No entanto, como se trata de Mandado de Segurança preventivo, de ressaltar que em 08 de julho de 2019 foi promulgada a Lei 13.855/2019, que alterou o Código de Trânsito Brasileiro, de modo que após o período de vacatio legis, que se findou em 06/10/2019, restou possibilitada a remoção do veículo quando o condutor incorrer na conduta prevista no art. 231, inc. VIII, do CTB, in verbis:



Art. 231. Transitar com o veículo:

(...)

VIII - efetuando transporte remunerado de pessoas ou bens, quando não for licenciado para esse fim, salvo casos de força maior ou com permissão da autoridade competente:

Infração - gravíssima;

Penalidade - multa;

Medida administrativa - remoção do veículo; (grifo nosso)

Em outros termos, desde 06/10/2019, eventual remoção de veículos esta em consonância com a previsão contida no CTB, pelo que, tratando-se, in casu, de Mandado de Segurança preventivo, há que se limitar a concessão da segurança à data da entrada em vigor da Lei 13.855/2019.

Com efeito, essa alteração legislativa não pode passar despercebida nesse juízo de reapreciação, mesmo que motivado por razão diversa, por medida de justiça.

Por fim, importante salientar que os agentes poderão empreender os atos fiscalizatórios normalmente, inclusive autuar e reter o veículo até sanar eventuais irregularidades e, se for o caso, apreender, caso seja encontrada alguma situação prevista no Código de Trânsito Brasileiro.

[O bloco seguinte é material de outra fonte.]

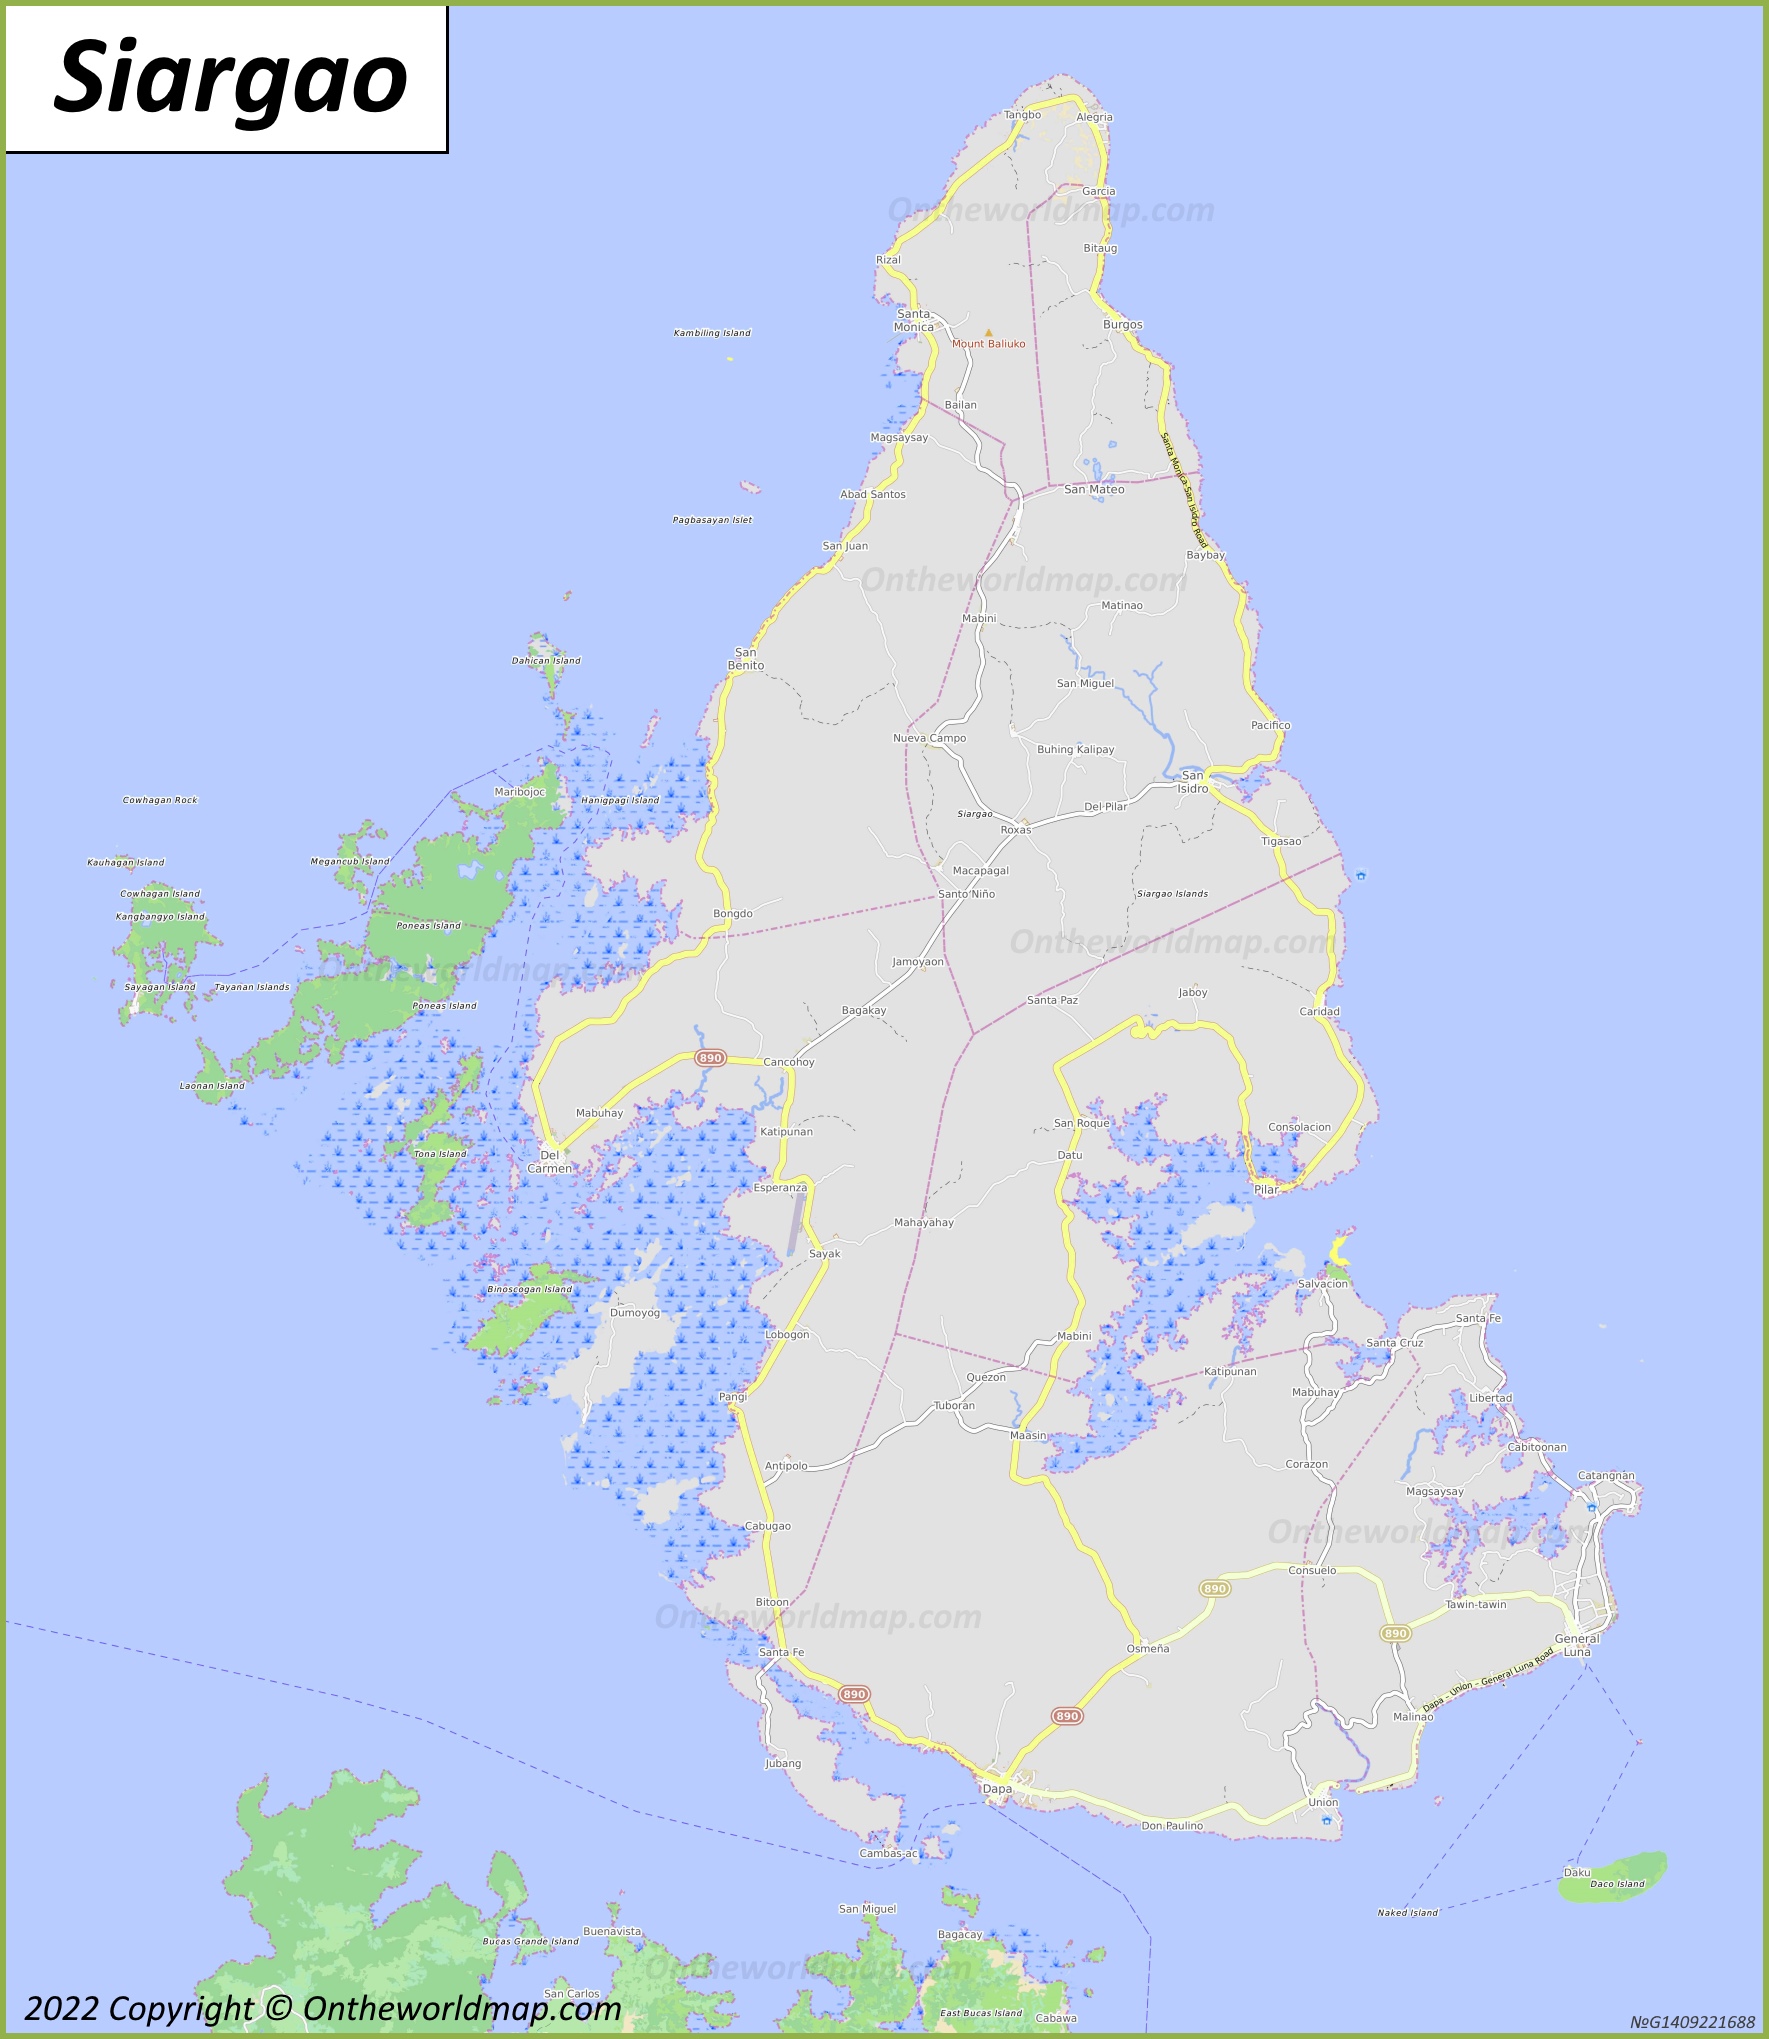 Map of Siargao Island

Ante o exposto, renovando o pedido de vênia, nos termos do art. 1.030, II do CPC, ainda que por motivo diverso, DOU PARCIAL PROVIMENTO À APELAÇÃO, para reformar a sentença e conceder parcialmente a segurança, para determinar que eventuais apreensões do veículo do impetrante até a data de 06/10/2019, quando entrou em vigor a Lei 13.855/2019, que alterou o Código de Trânsito Brasileiro, não surtam qualquer efeito jurídico em face do impetrante/apelante.

Tendo em vista tratar-se de Mandado de Segurança, deixo de condenar as partes em honorários.

Sem custas.



DESA. TERESA CRISTINA DA CUNHA PEIXOTO - De acordo com o (a) Relator (a).

DES. ALEXANDRE SANTIAGO

Coloco-me de acordo com a divergência inaugurada pelo e. Segundo Vogal, tendo em vista o posicionamento por mim adotado em processos de minha relatoria.





SÚMULA:"EM JUÍZO DE RETRATAÇÃO, DERAM PARCIAL PROVIMENTO AO RECURSO VOLUNTÁRIO E REFORMARAM PARCIALMENTE A SENTENÇA NA REMESSA NECESSÁRIA, VENCIDOS O 2º E 4º VOGAIS."